To investigate if Foxp3 protein was produced endogenously in M2 macrophages following gene transcription, we used Foxp3^DTR transgenic mice in which the diphtheria toxin receptor (DTR) and green fluorescence protein (GFP) are expressed under the control of the Foxp3 promoter. In this model, Foxp3-expressing TRegs are GFP⁺ and can be depleted using diphtheria toxin (DT) [17]. One dose of DT injected intraperitoneally (IP) in the mice at day 9 after IK tumor implantation was sufficient to deplete most of the TRegs in the blood and tumor ( Figure 3C, E upper panel). GFP expression was not detected in macrophages from the blood (F4/80⁺/CD11b⁺) or M2 cells from IK tumors ( Figure 3D ). However, the depletion of Foxp3 positive cells in the tumor following DT injection also reduced the M2 population ( Figure 3D IK tumor and 3E) suggesting a Foxp3-dependent depletion of M2 population.

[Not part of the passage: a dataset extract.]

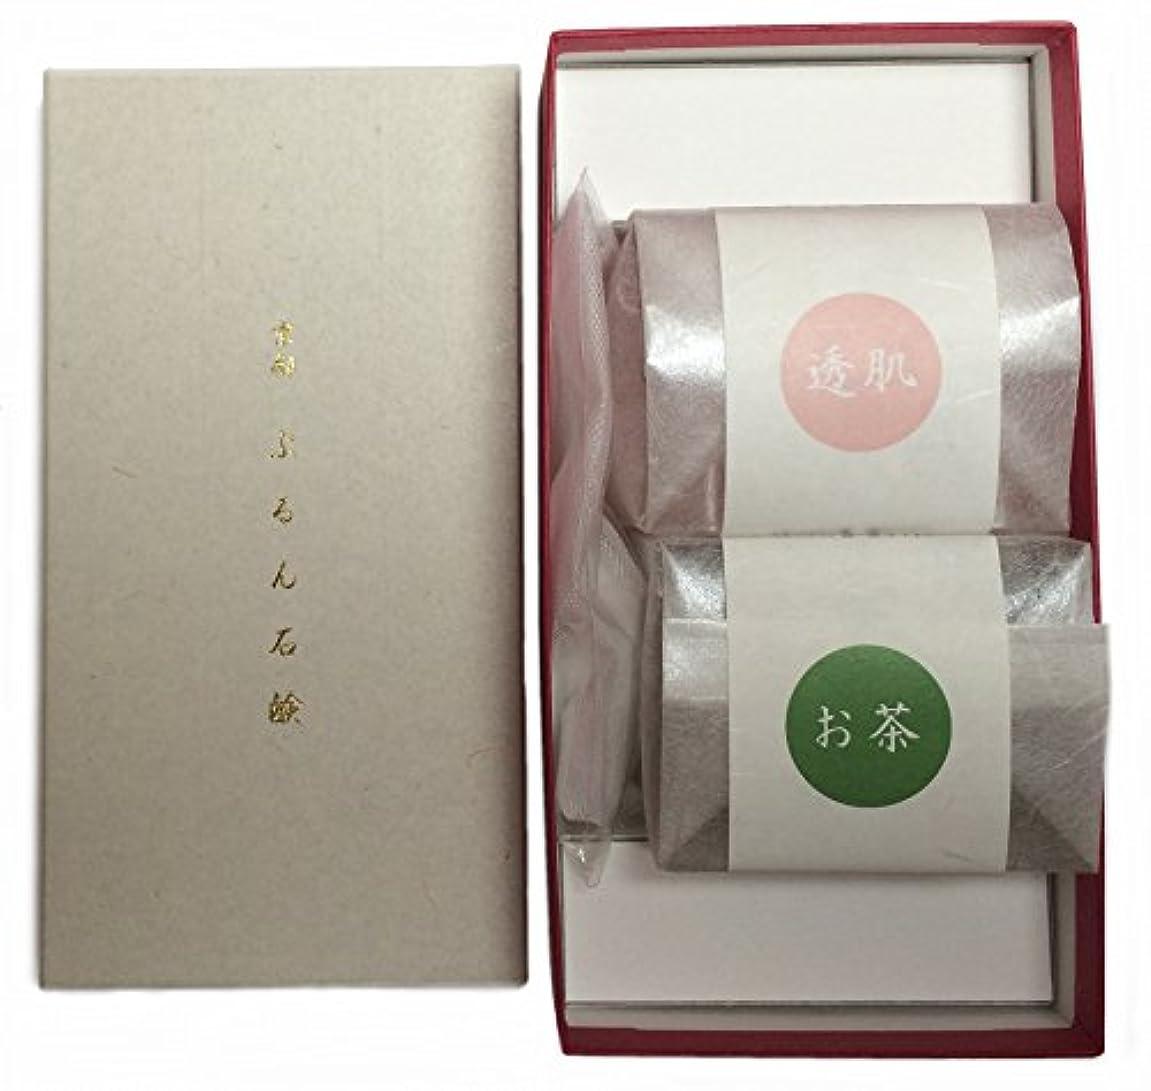 主権者主張するマーティンルーサーキングジュニア京都 ぷるん石鹸 ピュアソープ ヒアルロン酸 コラーゲン ギフトボックス 2種2個セット

This implies that, despite the difficulty in detecting GFP in macrophages, those cells might express the DTR and be depleted following administration of DT.

Foxp3 messenger RNA was detected in macrophages

In order to further assess if Foxp3 protein was intrinsically produced in macrophages, we analyzed the transcriptome of the cells using a genome-wide technique. We performed RNA-sequencing (RNAseq) analysis on RNA extracted from M1 and M2 cells isolated from kidney tumors and splenic CD4⁺ T cells. Cufflinks 2.1.0 analysis using mouse genome MM9 revealed three Foxp3 mRNA variants in the CD4⁺ T cells expressed at a higher level than the level of high confidence ( Figure 4A ), corresponding to the three known isoforms of Foxp3 mRNA in mouse cells (Foxp3, Mus musculus, NCBI Gene) ( Figure 4B ), but none of these isoforms was significantly detected in M1 or M2 macrophages ( Figure 4A, B ). However a low but significant level (0.057 FKPM) of a fourth variant (var 4) was detected in M2 and M1 macrophages but not in CD4⁺ T cells ( Figure 4A, B ). Considering that all RNA transcripts detected to a FPKM level higher than 0.046 are present with high confidence in the cells ( Figure 4A ), we could consider that Foxp3 mRNA variant #4 was present in macrophages. mRNA variant #4 has not been described previously. It appeared to be smaller than previous Foxp3 mRNA transcripts (3527 bases) and the coding sequence seems to be conserved on this variant #4 with an extra 23 bases on the 5′UTR compared to the variant #1 ( Figure 4C ).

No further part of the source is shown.